Mahasiswa dapat membangun jaringan dukungan sosial dengan bergabung dalam organisasi atau klub di kampus. Interaksi sosial yang positif dapat membantu mengurangi rasa kesepian dan meningkatkan kesejahteraan mental. Mahasiswa harus belajar mengelola penggunaan media sosial dengan bijak.
Mengurangi waktu yang dihabiskan di media sosial dan menghindari perbandingan diri dengan orang lain dapat membantu meningkatkan harga diri. Teknik relaksasi seperti meditasi, yoga, dan pernapasan dalam dapat membantu mengurangi stres dan meningkatkan kesejahteraan mental.

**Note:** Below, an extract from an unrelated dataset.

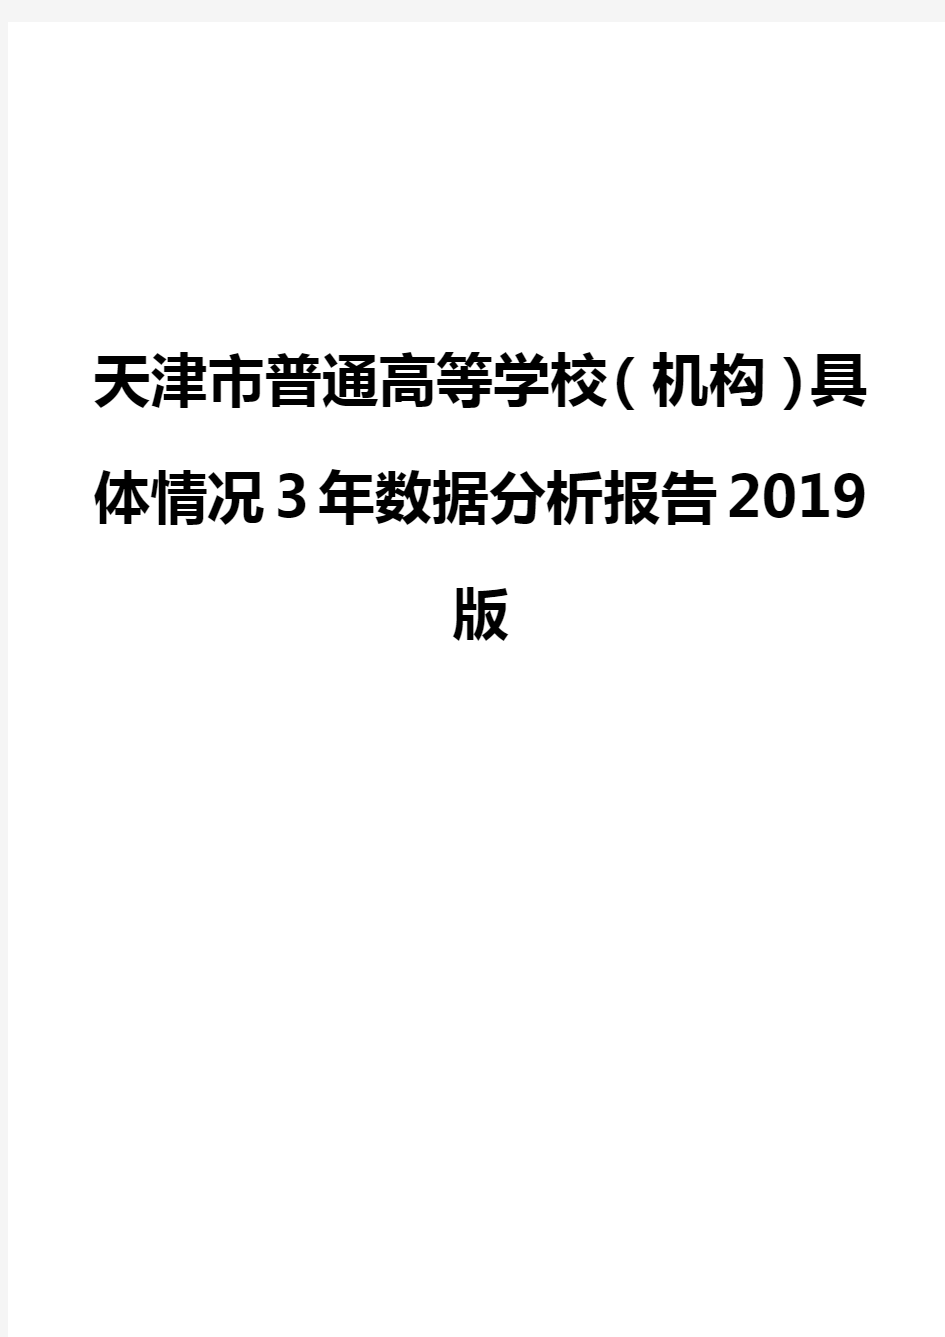 天津市普通高等学校(机构)具体情况3年数据分析报告2019版

Mahasiswa yang mengalami gangguan mental harus tidak ragu untuk mencari bantuan dari profesional kesehatan mental. Konseling dan terapi dapat membantu mereka mengatasi permasalahan yang dihadapi.
Dengan langkah-langkah ini, diharapkan kesehatan mental mahasiswa Gen Z di perkuliahan dapat ditingkatkan, sehingga mereka dapat mencapai prestasi akademik yang lebih baik dan kehidupan yang lebih sejahtera.